[Start of Attachment]

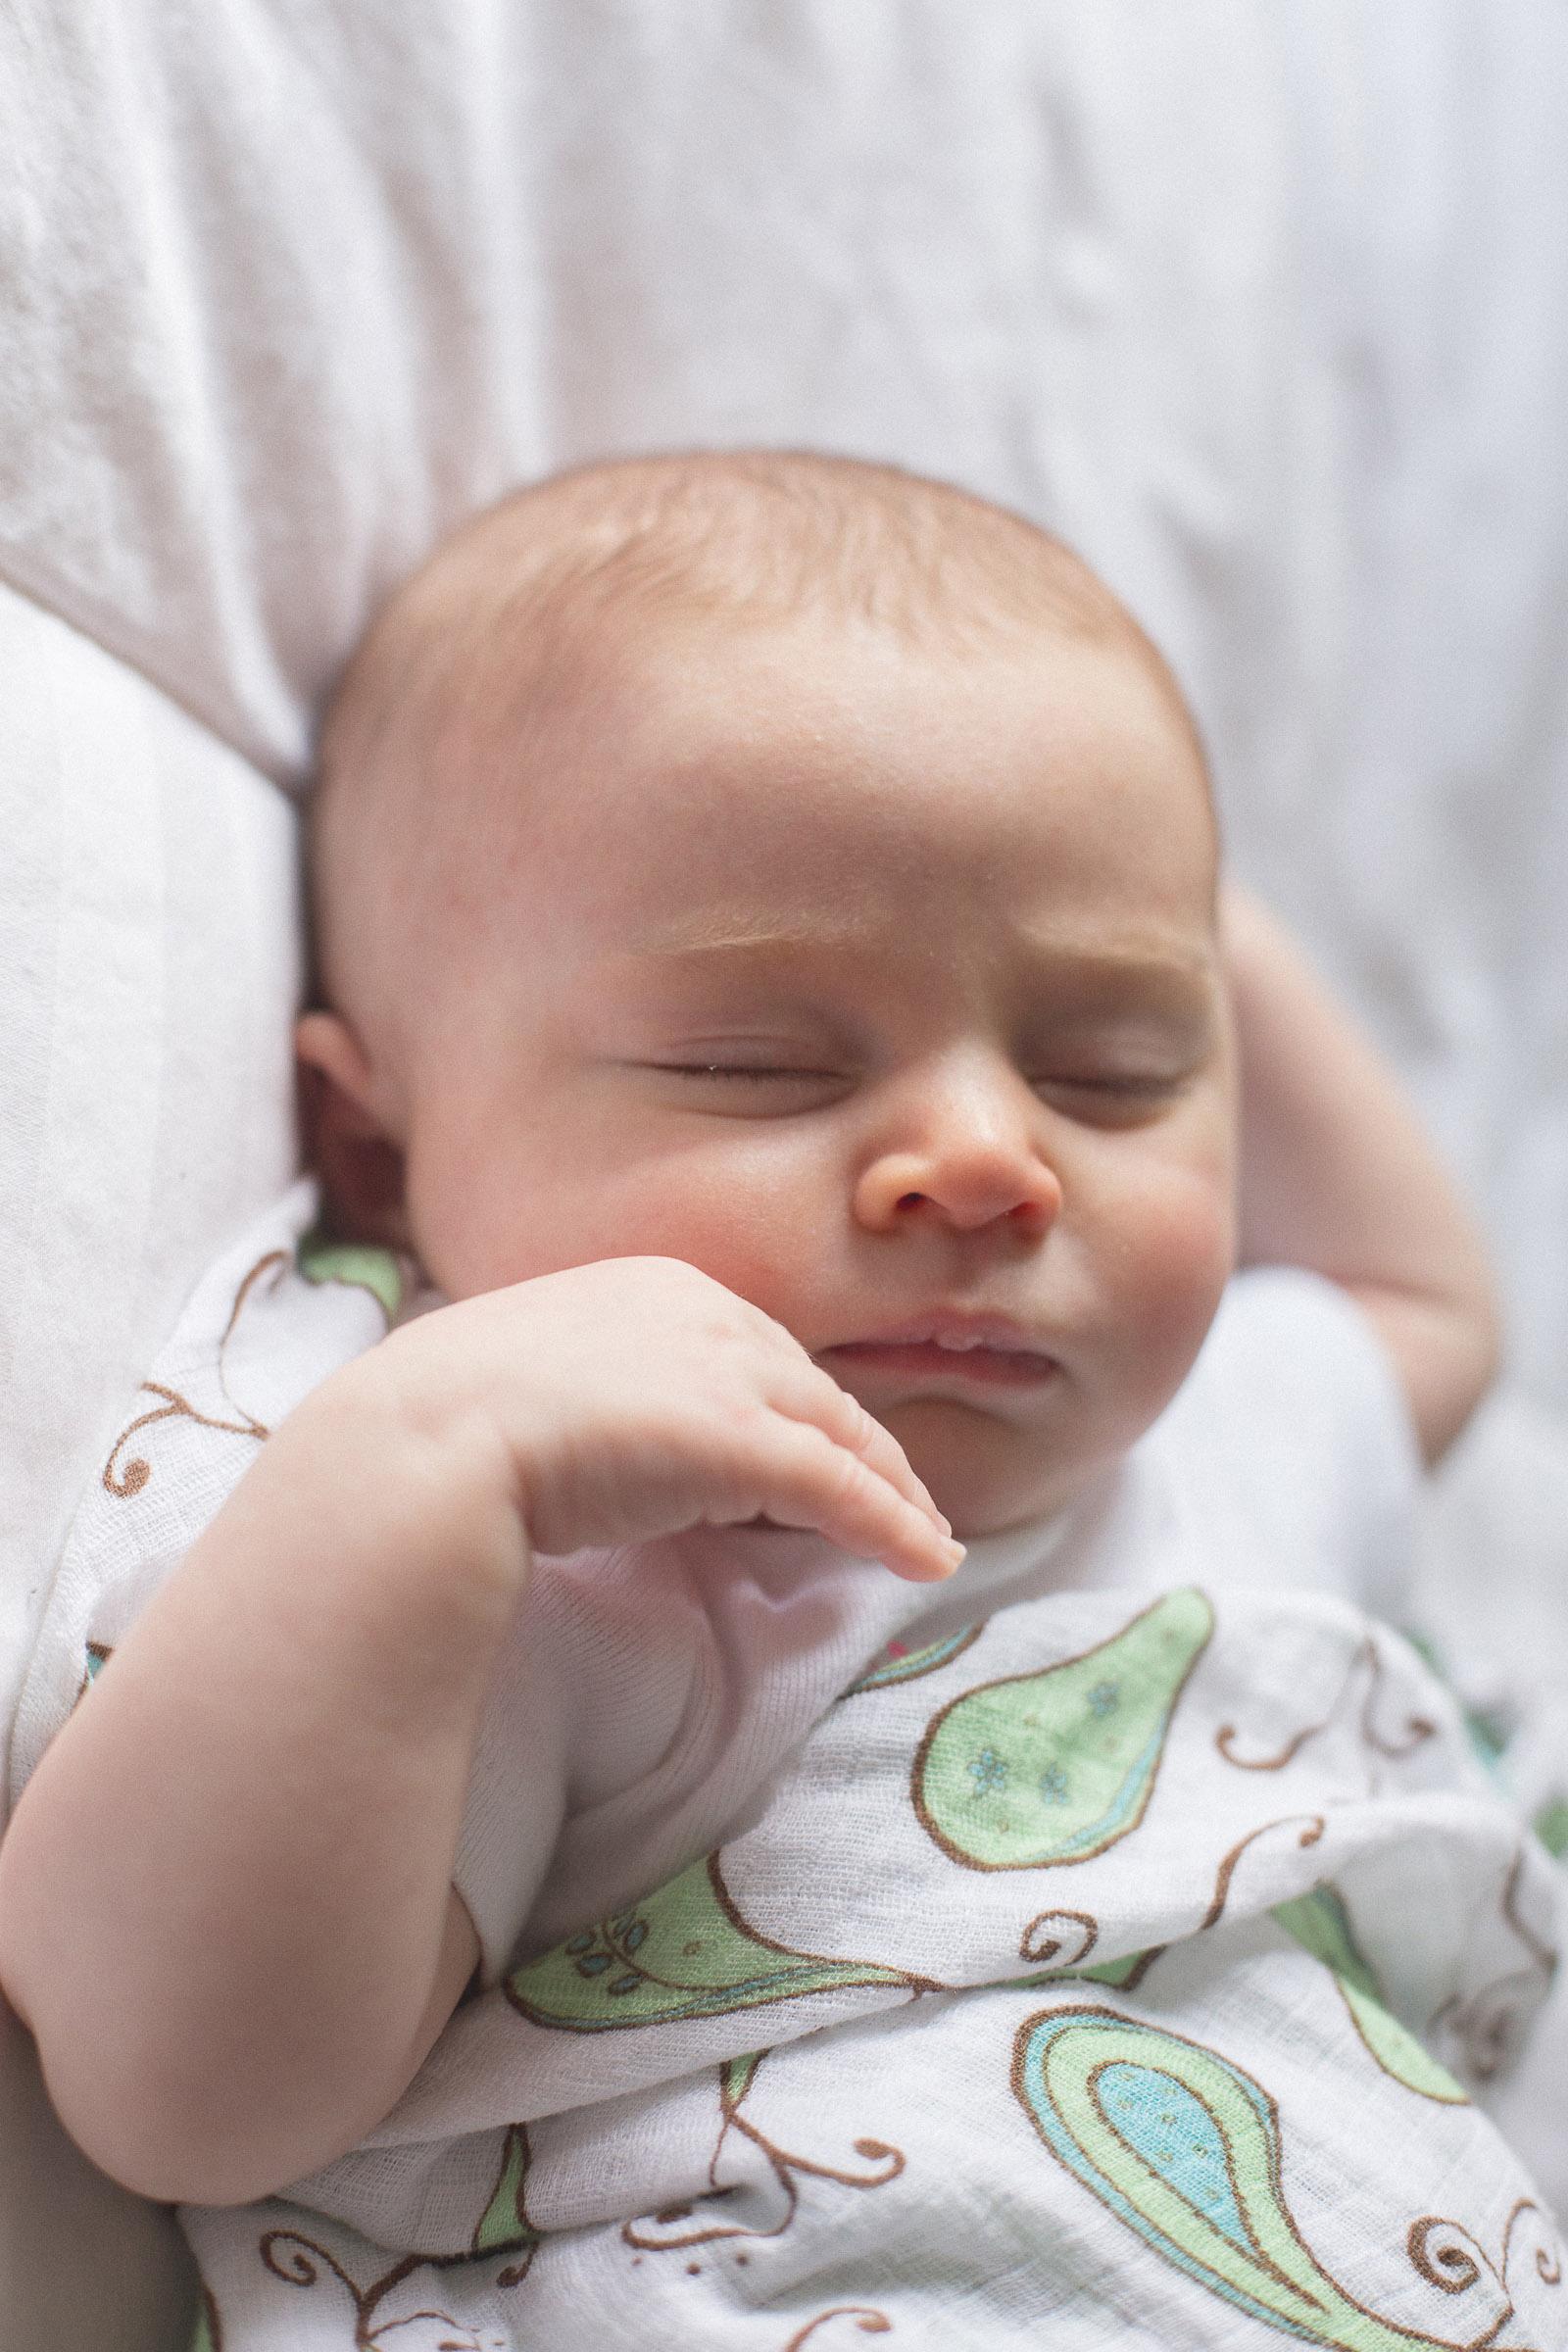 028-nursery-baby-family-birds-sleeping-woodland-new-mexico-farmington
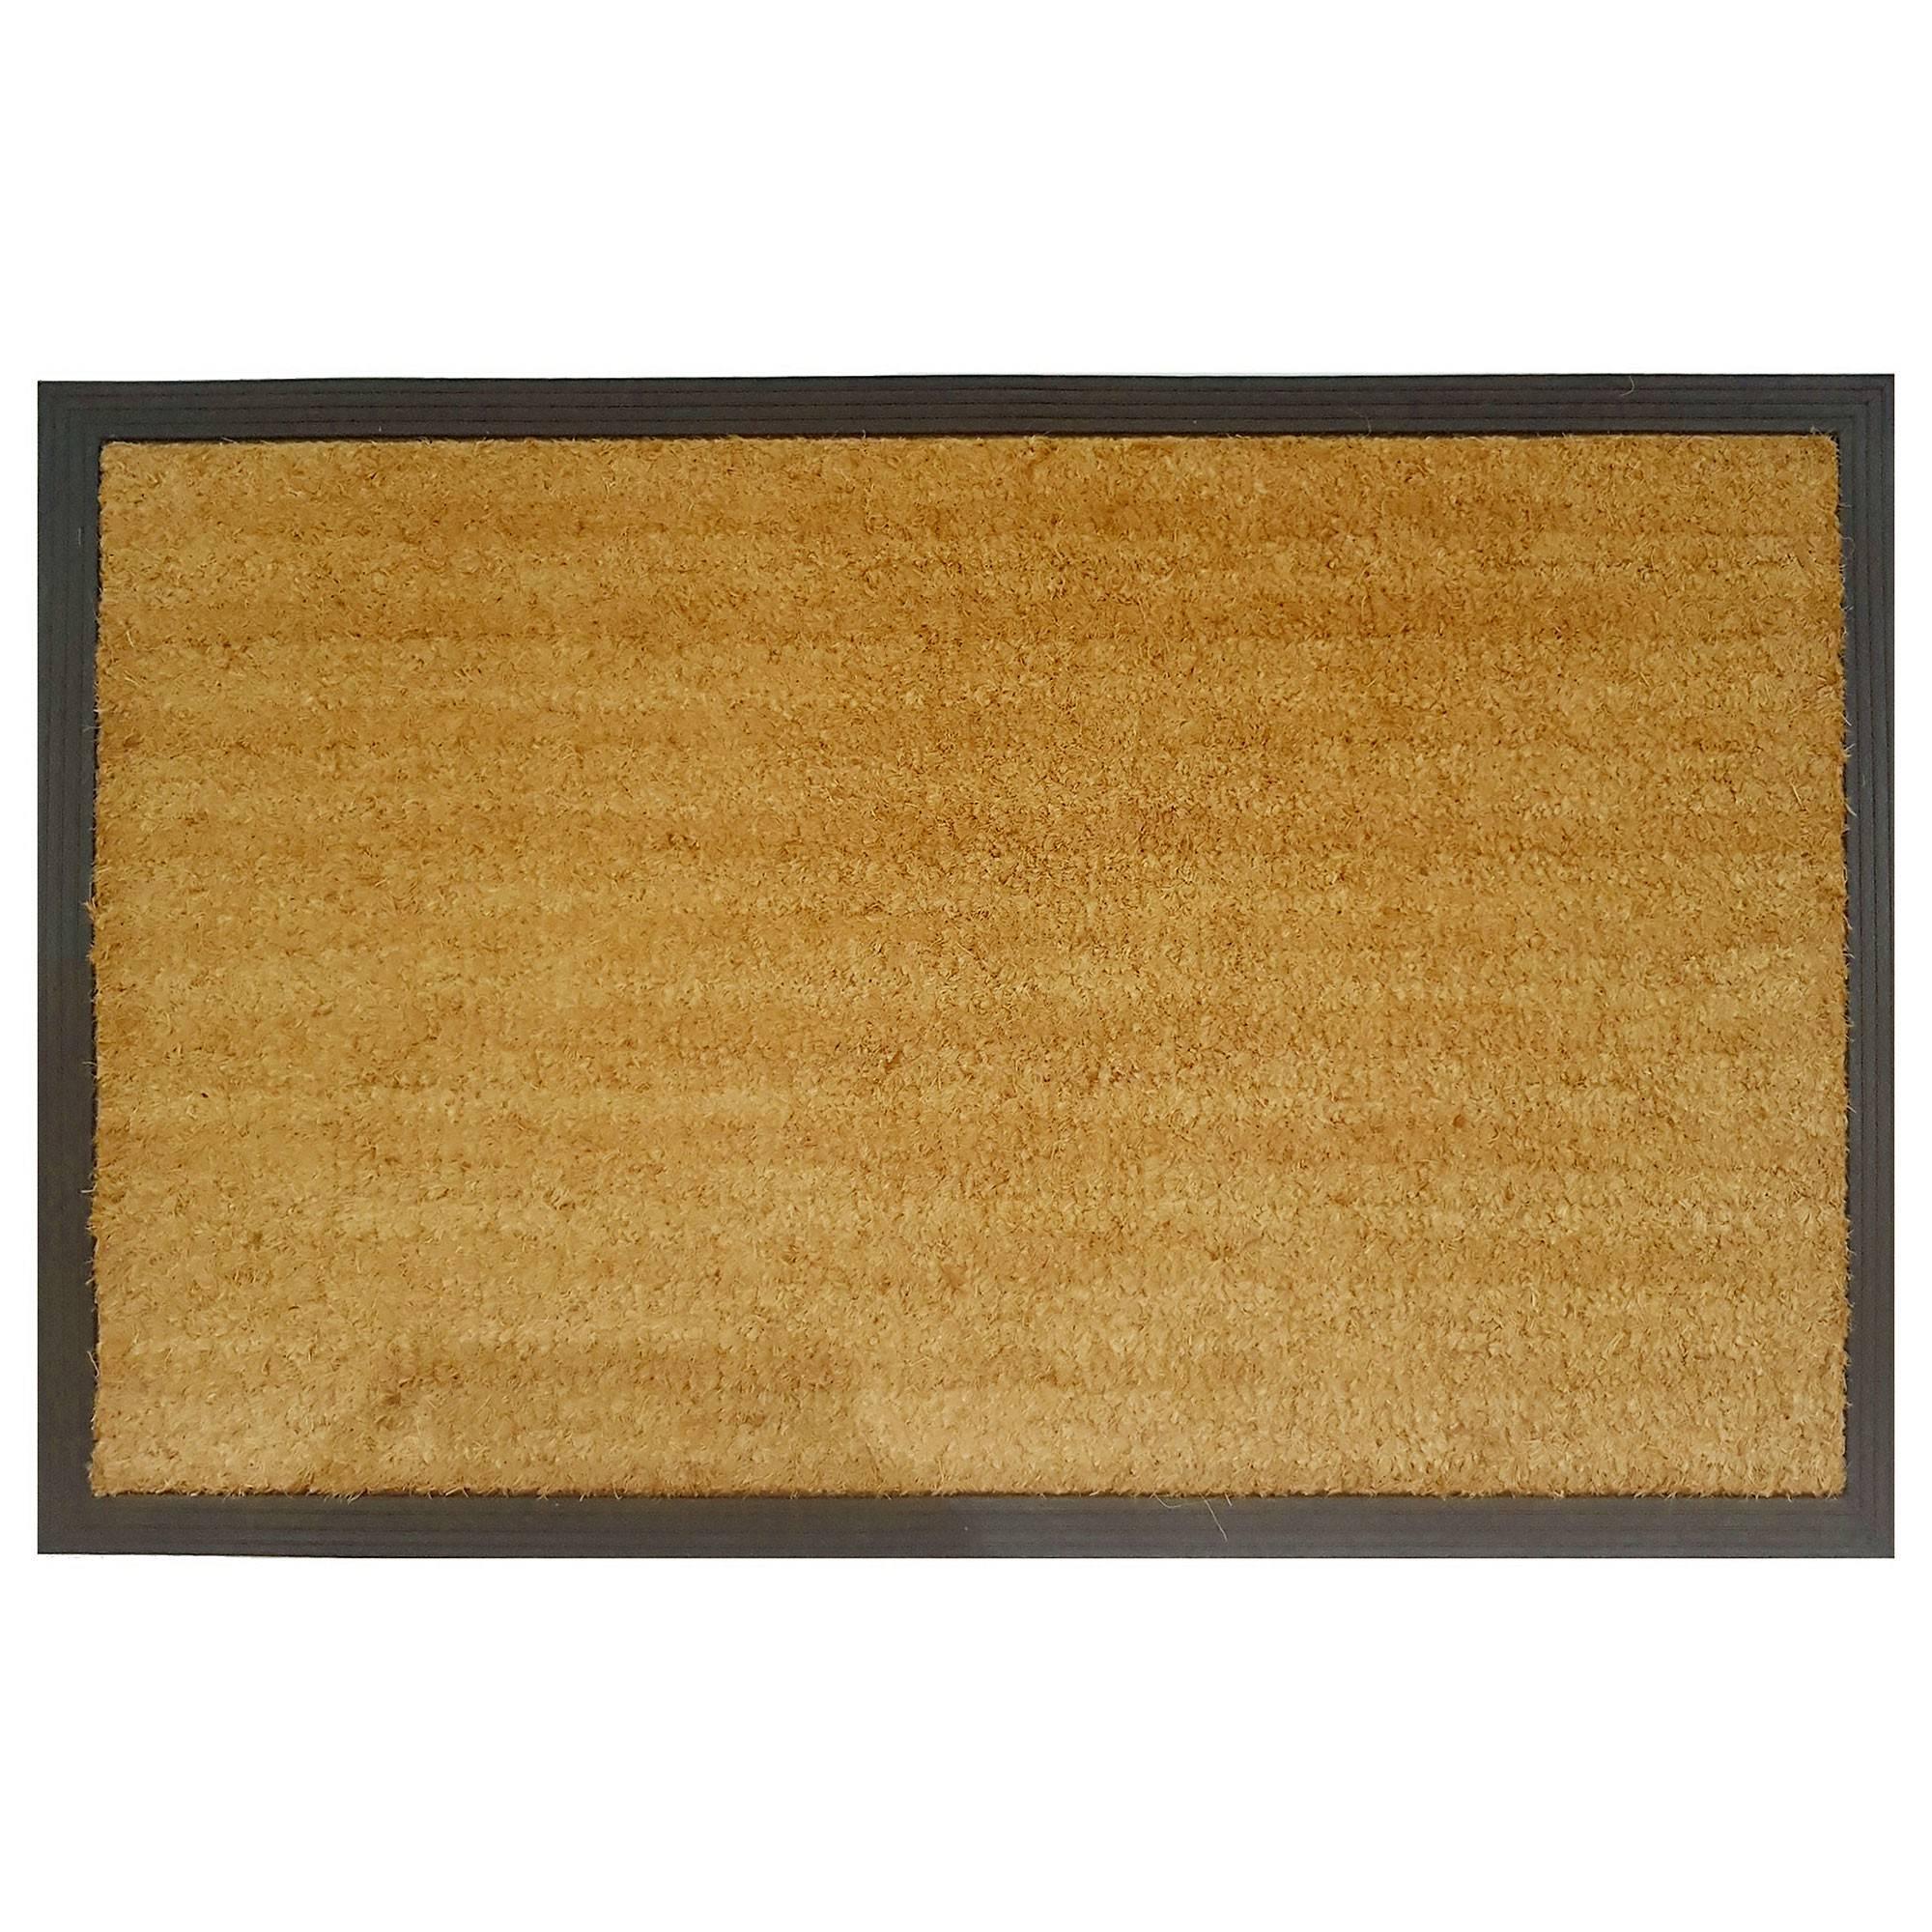 Barber Rubber Edged Coir Doormat, 95x60cm
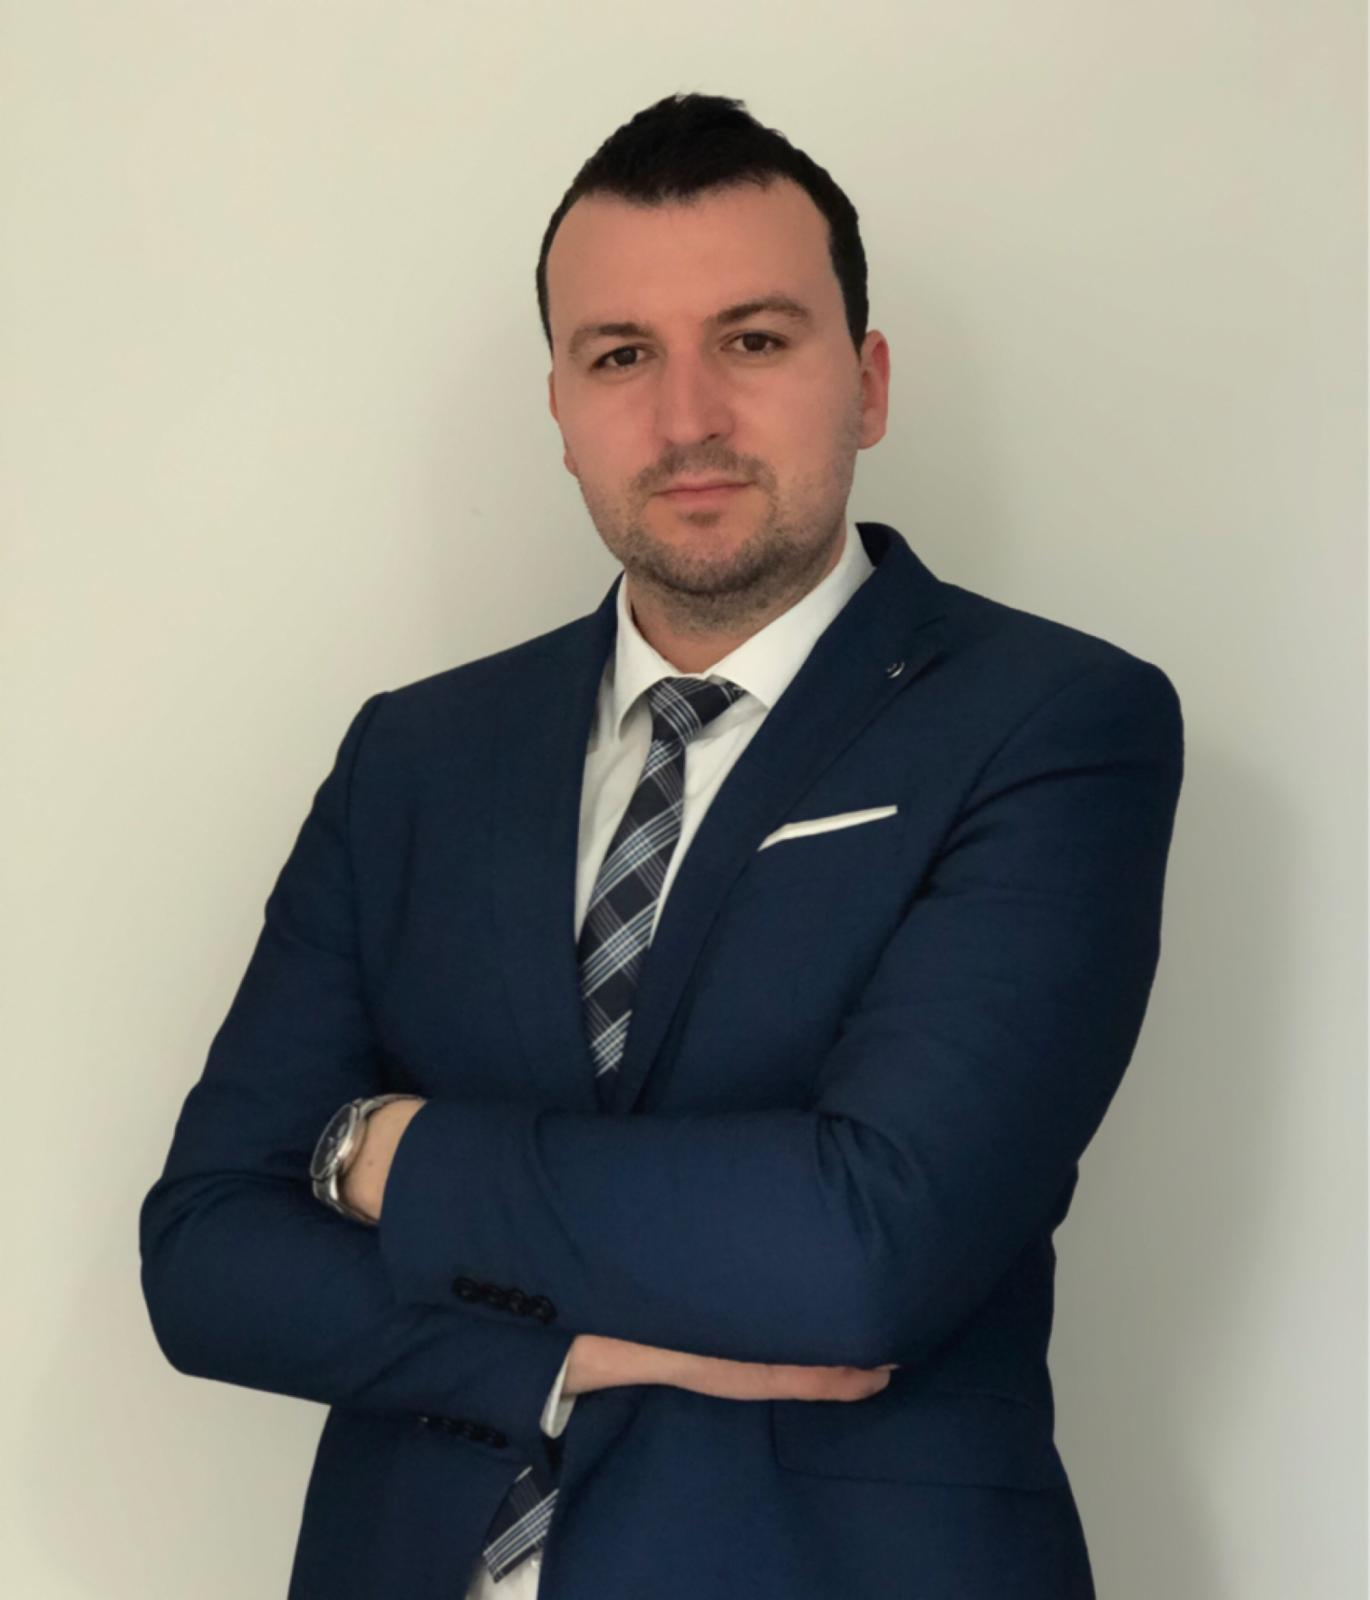 Mr. Adnan Crnica

[End of Attachment]

What needs to be done |
Where pictures sit among the data above, omit them, and output the rest exactly.

Problem solution |
 028-nursery-baby-family-birds-sleeping-woodland-new-mexico-farmington
 Barber Rubber Edged Coir Doormat, 95x60cm
 Mr. Adnan Crnica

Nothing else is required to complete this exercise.